■ Work required
Please write the listing below out again exactly, leaving every picture behind.

■ Exercise data

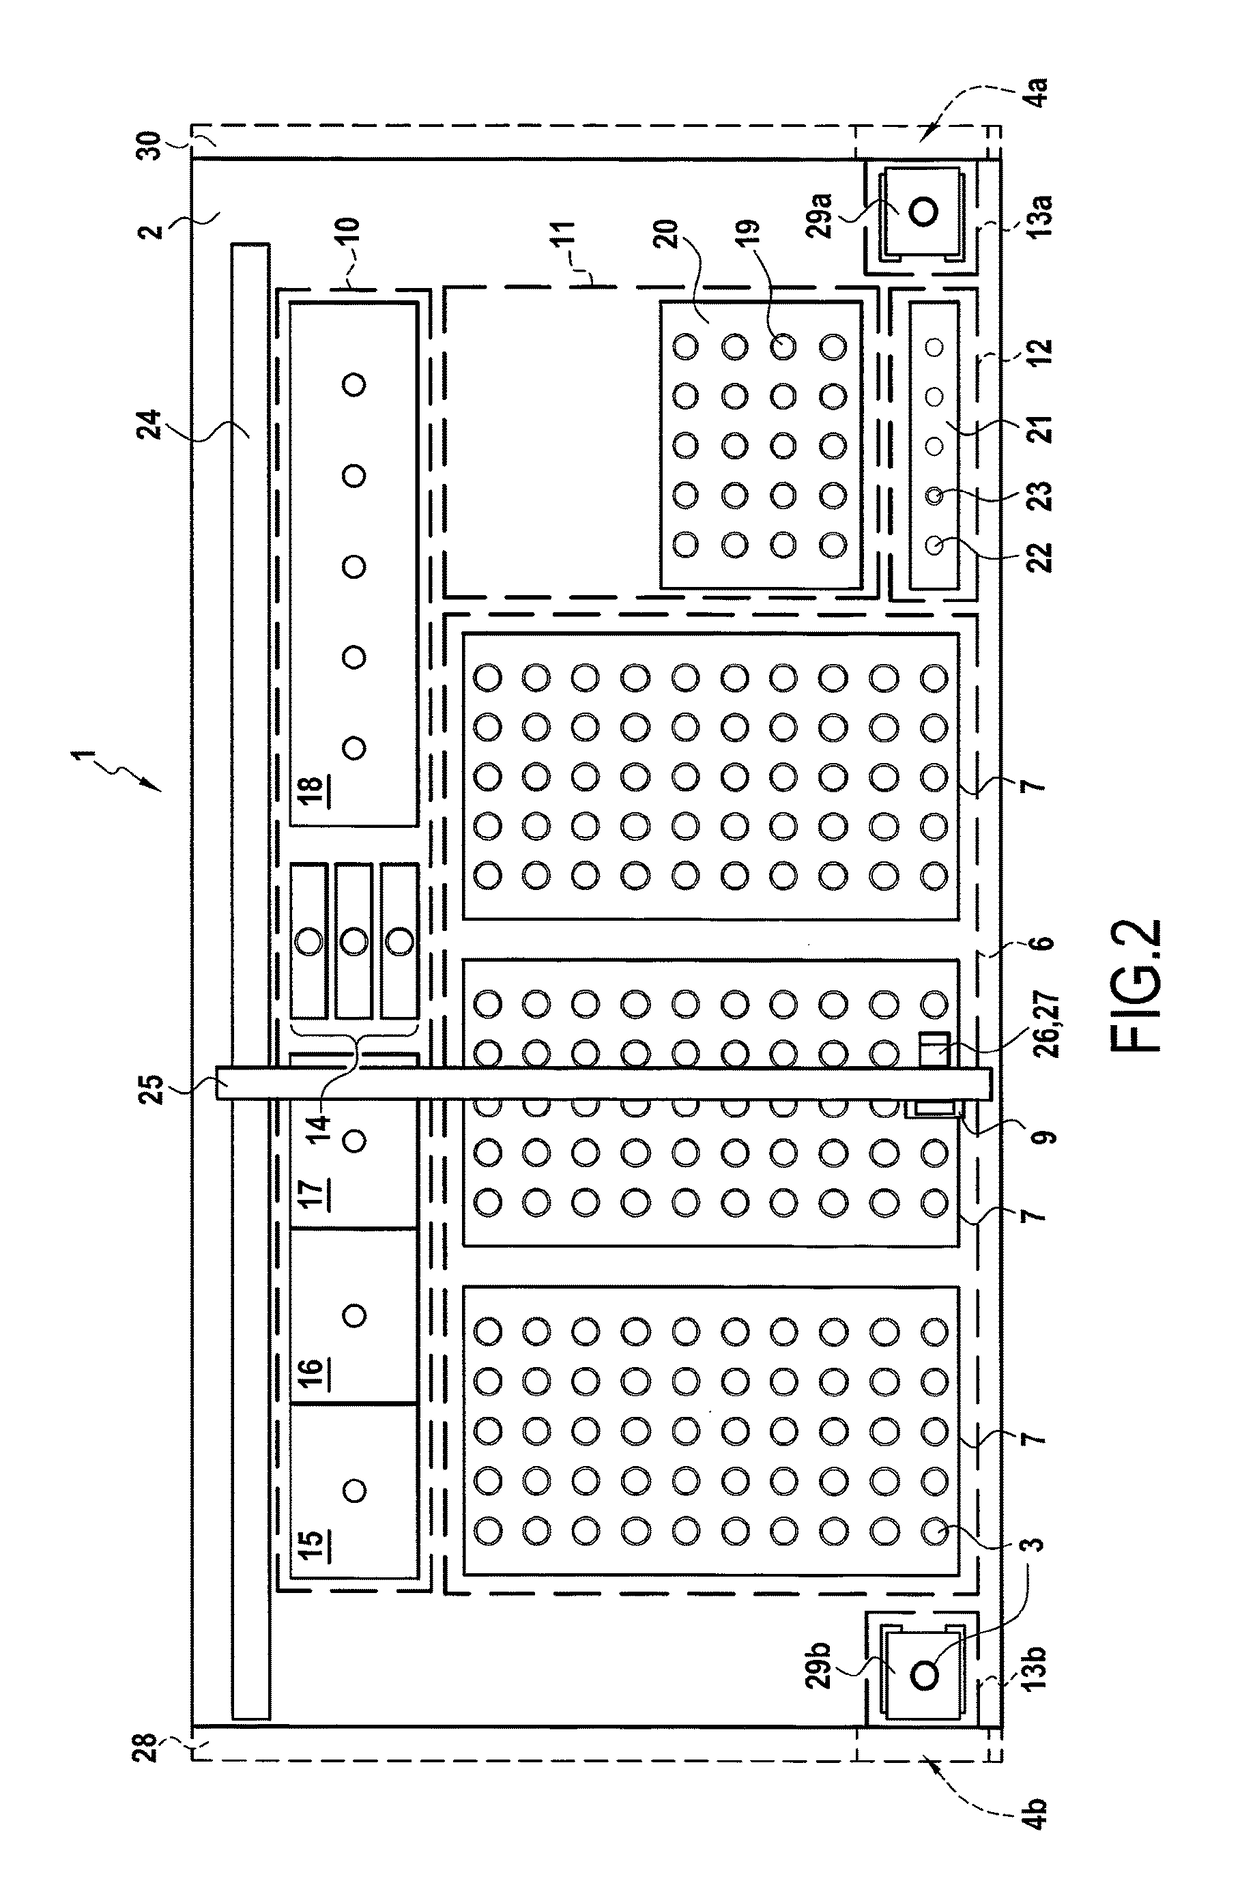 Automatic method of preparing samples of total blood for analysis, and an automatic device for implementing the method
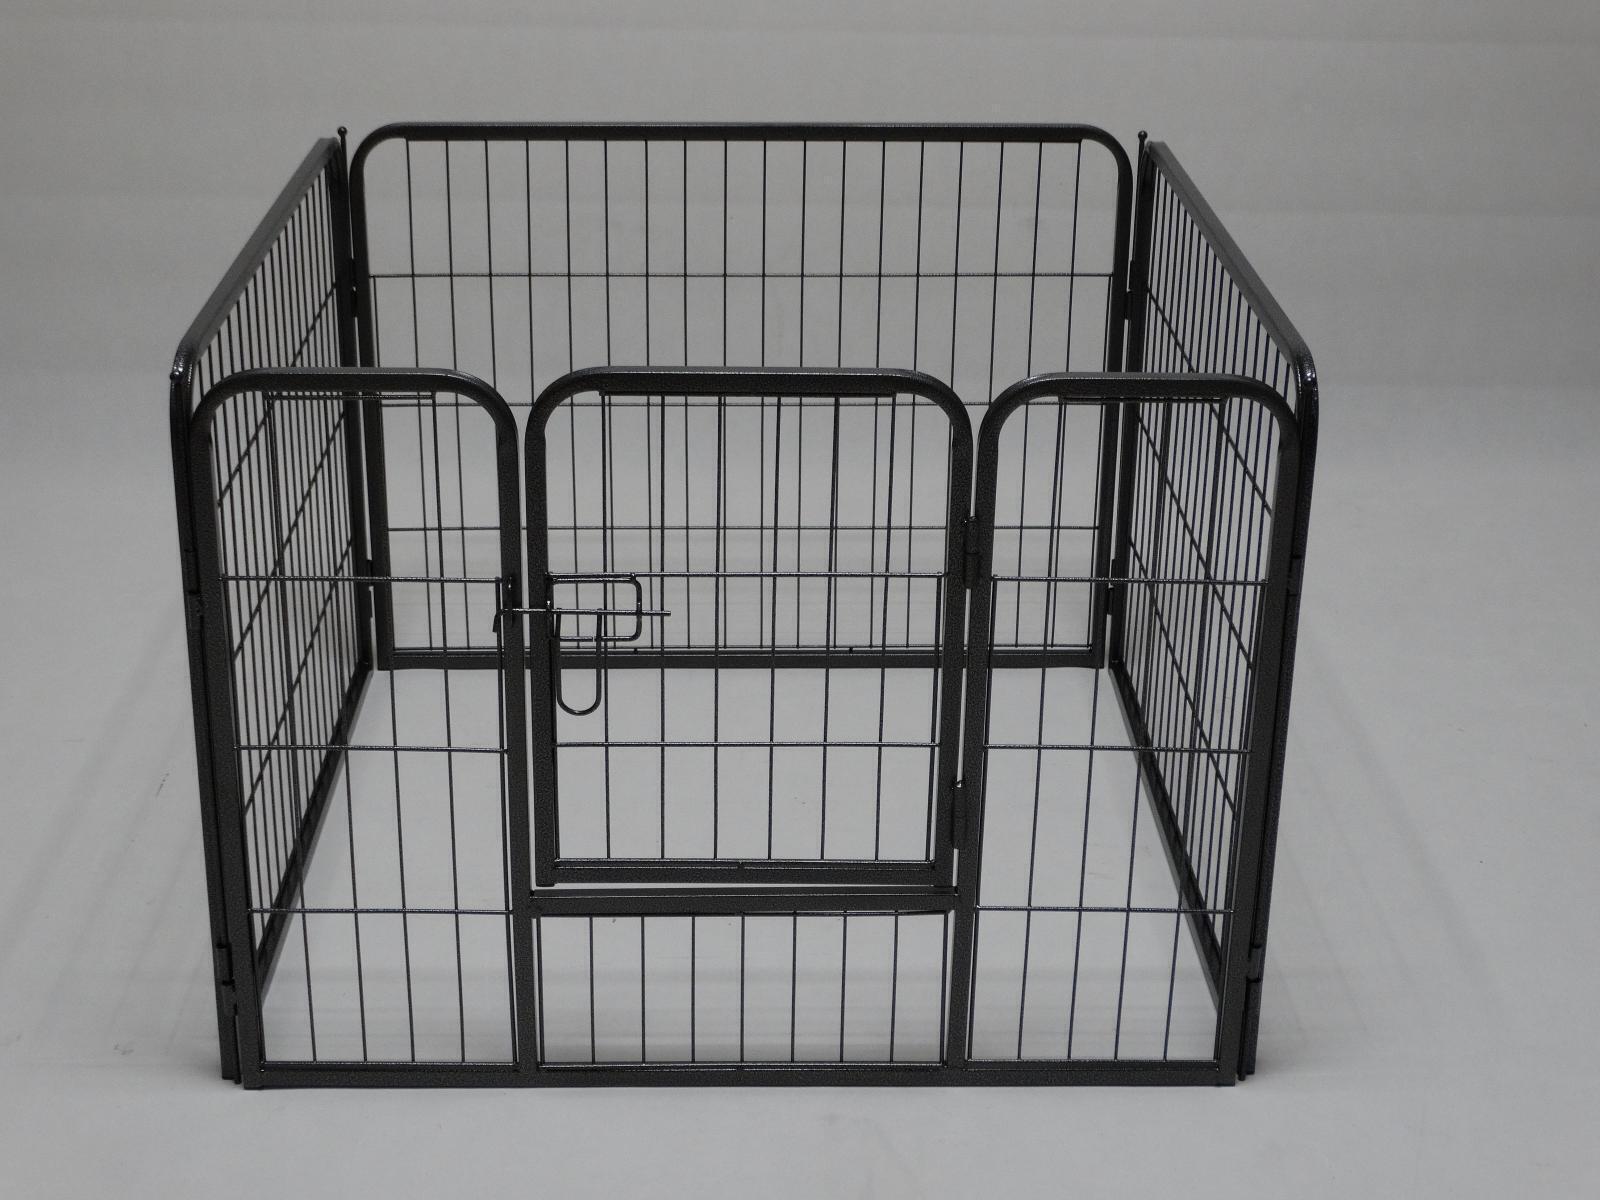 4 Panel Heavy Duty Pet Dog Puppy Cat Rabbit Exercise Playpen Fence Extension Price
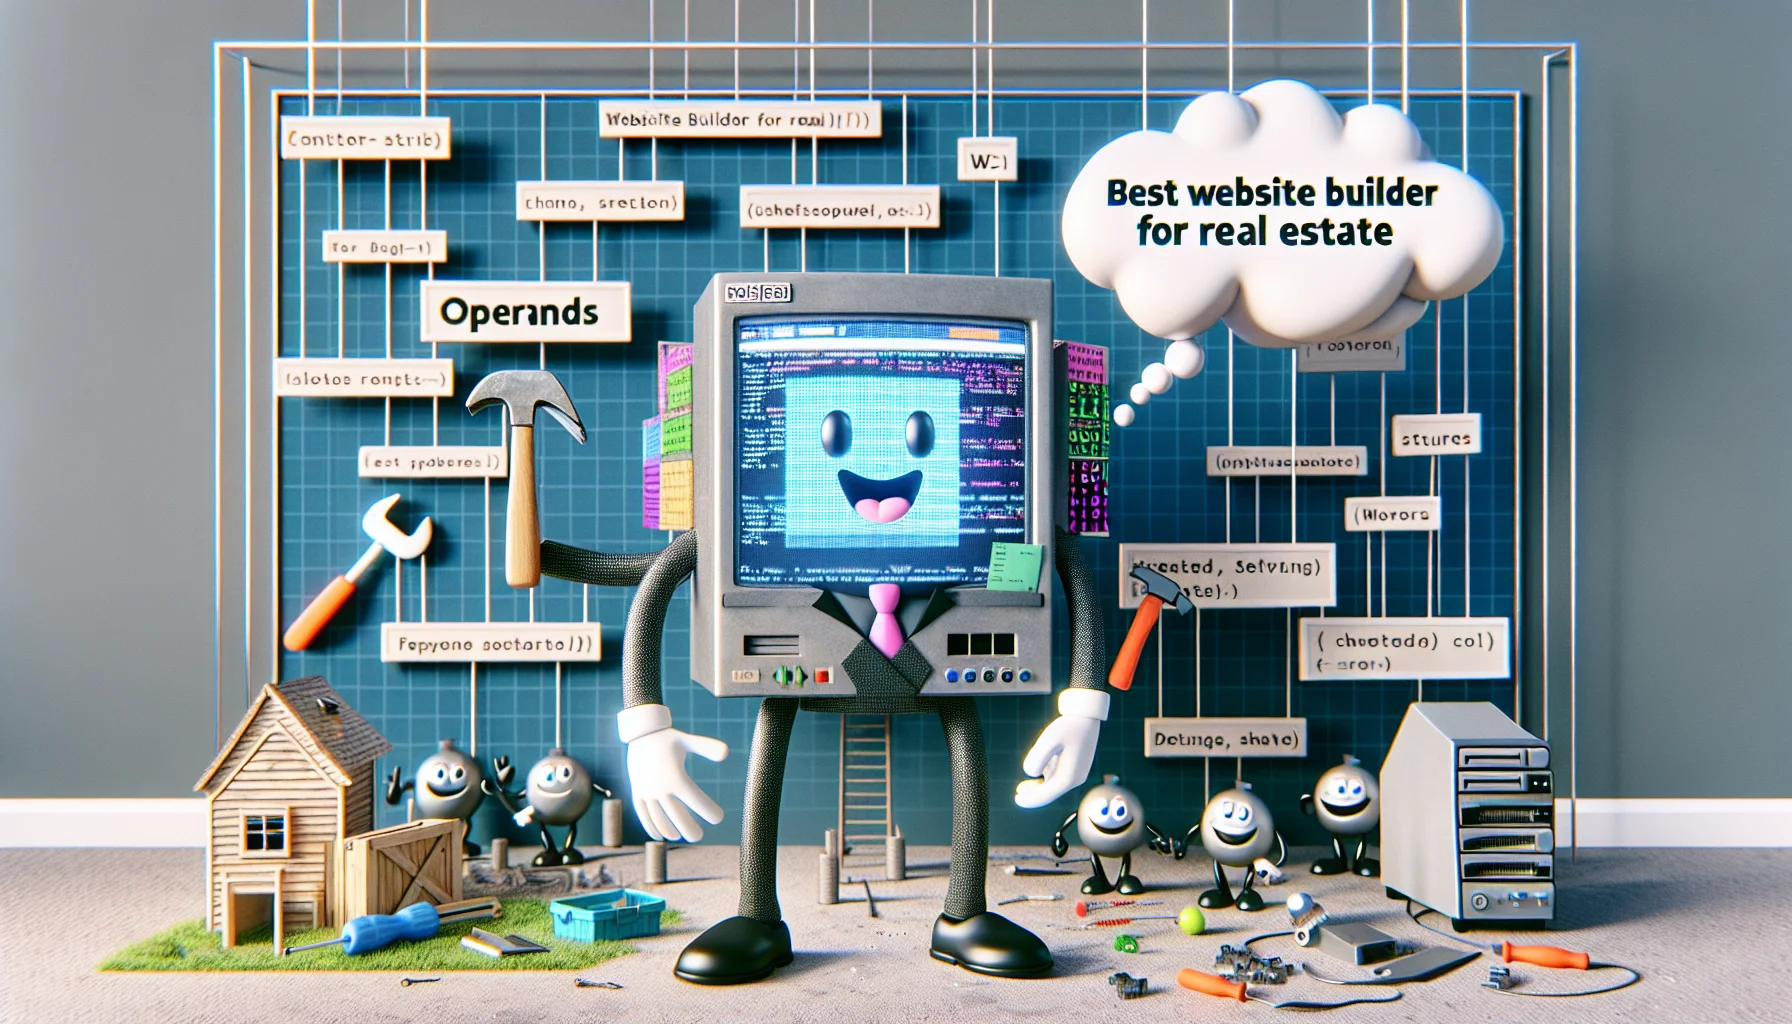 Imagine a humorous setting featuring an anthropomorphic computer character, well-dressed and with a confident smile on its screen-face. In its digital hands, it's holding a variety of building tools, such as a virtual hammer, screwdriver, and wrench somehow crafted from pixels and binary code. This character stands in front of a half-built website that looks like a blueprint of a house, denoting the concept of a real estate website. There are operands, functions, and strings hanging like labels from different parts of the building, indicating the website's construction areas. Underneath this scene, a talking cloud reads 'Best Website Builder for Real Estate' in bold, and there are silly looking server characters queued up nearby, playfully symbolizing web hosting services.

■ Result for this task
 Automatic method of preparing samples of total blood for analysis, and an automatic device for implementing the method
 4 Panel Heavy Duty Pet Dog Puppy Cat Rabbit Exercise Playpen Fence Extension Price
 Imagine a humorous setting featuring an anthropomorphic computer character, well-dressed and with a confident smile on its screen-face. In its digital hands, it's holding a variety of building tools, such as a virtual hammer, screwdriver, and wrench somehow crafted from pixels and binary code. This character stands in front of a half-built website that looks like a blueprint of a house, denoting the concept of a real estate website. There are operands, functions, and strings hanging like labels from different parts of the building, indicating the website's construction areas. Underneath this scene, a talking cloud reads 'Best Website Builder for Real Estate' in bold, and there are silly looking server characters queued up nearby, playfully symbolizing web hosting services.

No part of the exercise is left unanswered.